“我不会要求你为拍摄违反安全规定。”
周砚临看她一眼。
“很多拍摄团队都会要求。”
“他们不专业。”
许闻溪说得直接。
“不能完成的收音,可以找替代方案。建筑损坏和人员事故不能重来。”
周砚临的目光在她脸上停留片刻。
“很好。”
许闻溪微微挑眉。
“这是夸奖?”
“是对工作原则的确认。”
“周老师果然不轻易夸人。”
“我们认识还不到一天。”
“但你已经提醒我吃糖、注意楼梯、扎好头发。
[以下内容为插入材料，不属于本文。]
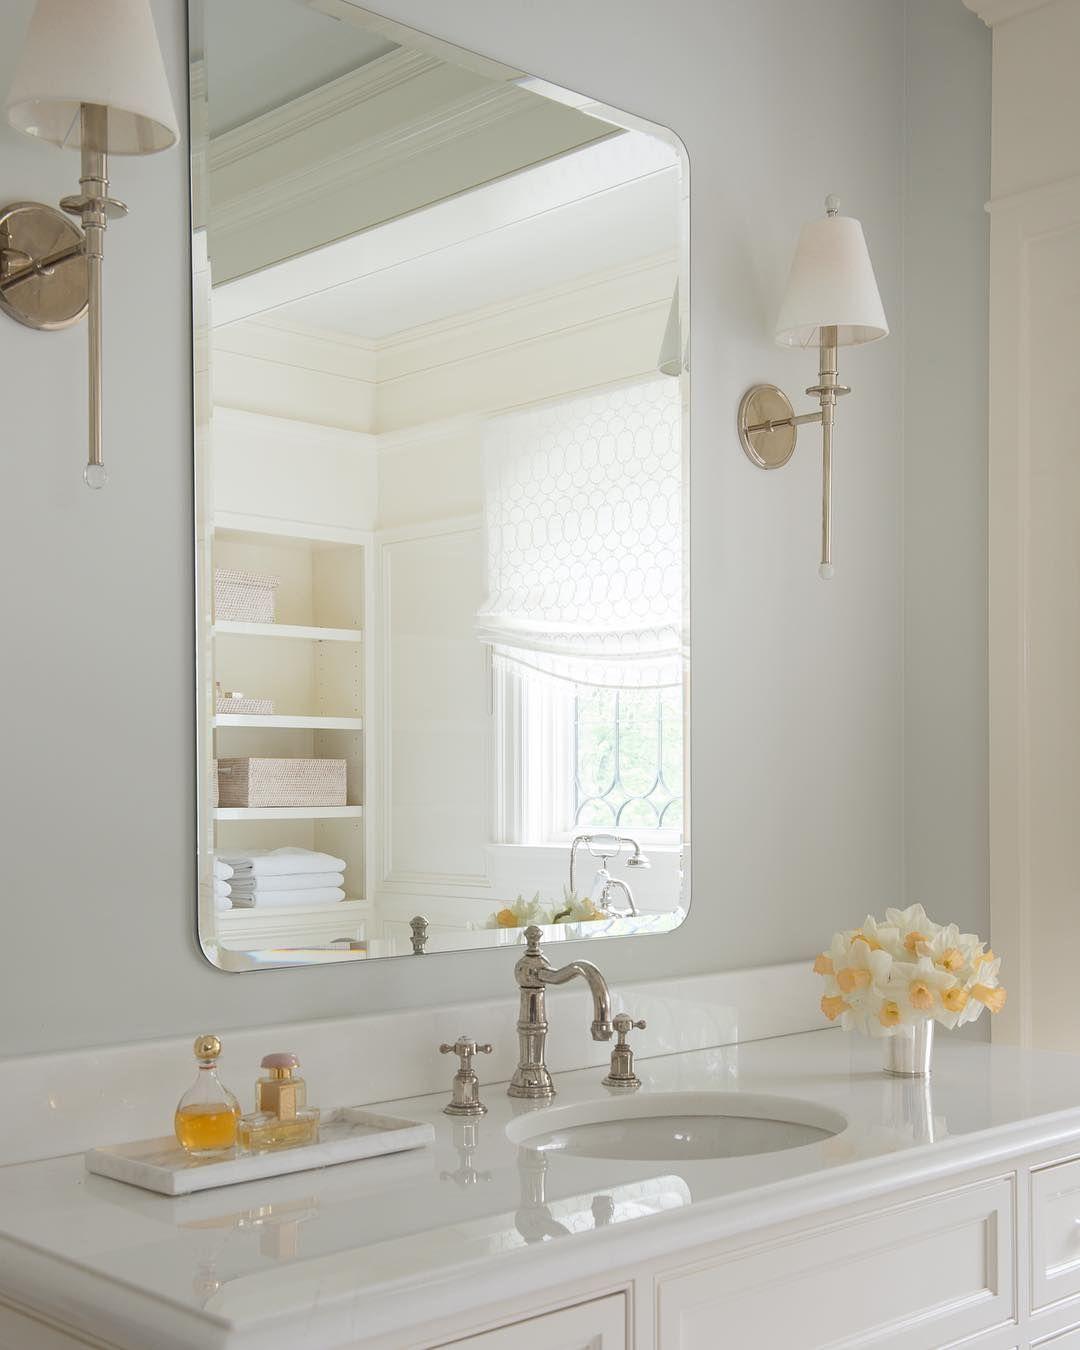 Jane Beiles Photography + Douglas Graneto Design - White bathroom ...

”
周砚临沉默了一瞬。
“这些属于安全提醒。”
“我知道。”
许闻溪眼中浮起极浅的笑意。
没有暧昧。
更像是经历一场顺利沟通后自然生出的轻松。
下午的勘景持续了近五个小时。
结束时,许闻溪的记录本已经写满十几页。
顾若安临时去处理采访许可,其他人相约到附近餐厅吃饭。
高远主动邀请她。
“许老师,一起吗?算我为早上的冒犯赔罪。”
“今天不了。”
许闻溪抬了抬手中的资料。
“我想先把采样点整理出来。”
“你不用倒时差?”
“昨晚已经睡过了。”
高远仍想再劝,旁边的吴峥拉了他一下。
“人家刚到第一天,你别把赔罪变成社交负担。”
高远这才反应过来。
“对,那明天再说。”
众人陆续离开。
许闻溪留在临时办公室,将白天的录音导入电脑。
窗外天色一点点暗下来。
傍晚又开始下雨。
雨水敲打旧剧院外的防护棚,形成密集的高频声响。
她戴着耳机反复听舞台中心的那段录音。
除了木板声、电车震动与人声混响之外,音频第十八秒出现了一次非常轻的低频共振。
不像风。
也不像施工噪声。
许闻溪标记好时间,准备第二天询问修复团队。
等她离开剧院,已经接近九点。
街边餐厅大多仍然营业。
雨中的窗户透出温暖灯光,顾客坐在室内喝酒交谈。
她在楼下买了一份汤和面包,撑着那把黑伞往公寓走。
回到旧楼时,二楼门缝下透着光。
周砚临已经回来了。
许闻溪没有敲门还伞。
外面仍在下雨,她准备等天气晴朗后再说。
她回到三楼,吃过晚餐,又将白天的笔记整理成电子文档。
工作让时间变得很快。
等她关掉电脑,已经过了凌晨一点。
窗外的雨渐渐小了。
整栋旧楼陷入深夜特有的安静。
没有脚步,也没有居民说话。
只有偶尔从远处传来的车声。
许闻溪洗漱后躺上床。
身体已经很累,精神却因为时差保持着清醒。
她翻了几次身,干脆坐起来,准备戴耳机听一会儿白噪声。
就在这时,楼下传来一声钢琴。
很轻。
第一个音落下后,停顿了两秒。
接着是第二个、第三个。
有人在弹琴。
琴声隔着旧楼的木质楼板与墙体传上来,音量并不大,却因为深夜的安静显得异常清晰。
弹琴的人起初似乎只是随意试音。
几个零散的和弦后,旋律慢慢连成完整的乐句。
许闻溪的动作忽然停住。
她坐在床边,手里仍握着尚未戴上的耳机。
那是一首她听过无数次的曲子。
不是流行音乐。
也并非多么罕见的古典作品。
只是经过重新编曲后,成为了她原本婚礼的入场音乐。
前奏里的海浪声,是她亲手录的。
钢琴部分,也是她与乐队反复调整后最终确定的版本。
虽然楼下没有海浪声。
琴谱也有几处细微差别。
可主旋律不会错。
它曾经被她设想过很多次。
宴会厅的门打开。
灯光落下来。
她穿着婚纱,沿鲜花长廊一步一步走向周予安。
而如今,婚礼已经取消。
那件婚纱被留在国内。
她独自坐在里斯本一栋旧楼的床边,听见本该在婚礼上响起的音乐,从楼下缓慢传来。
许闻溪的手指一点点收紧。
楼下住着周砚临。
那位在机场递给她一把伞、在工作中公事公办的周先生。
钢琴声仍在继续。
穿过雨夜。
一声一声,敲在她尚未真正愈合的旧伤上。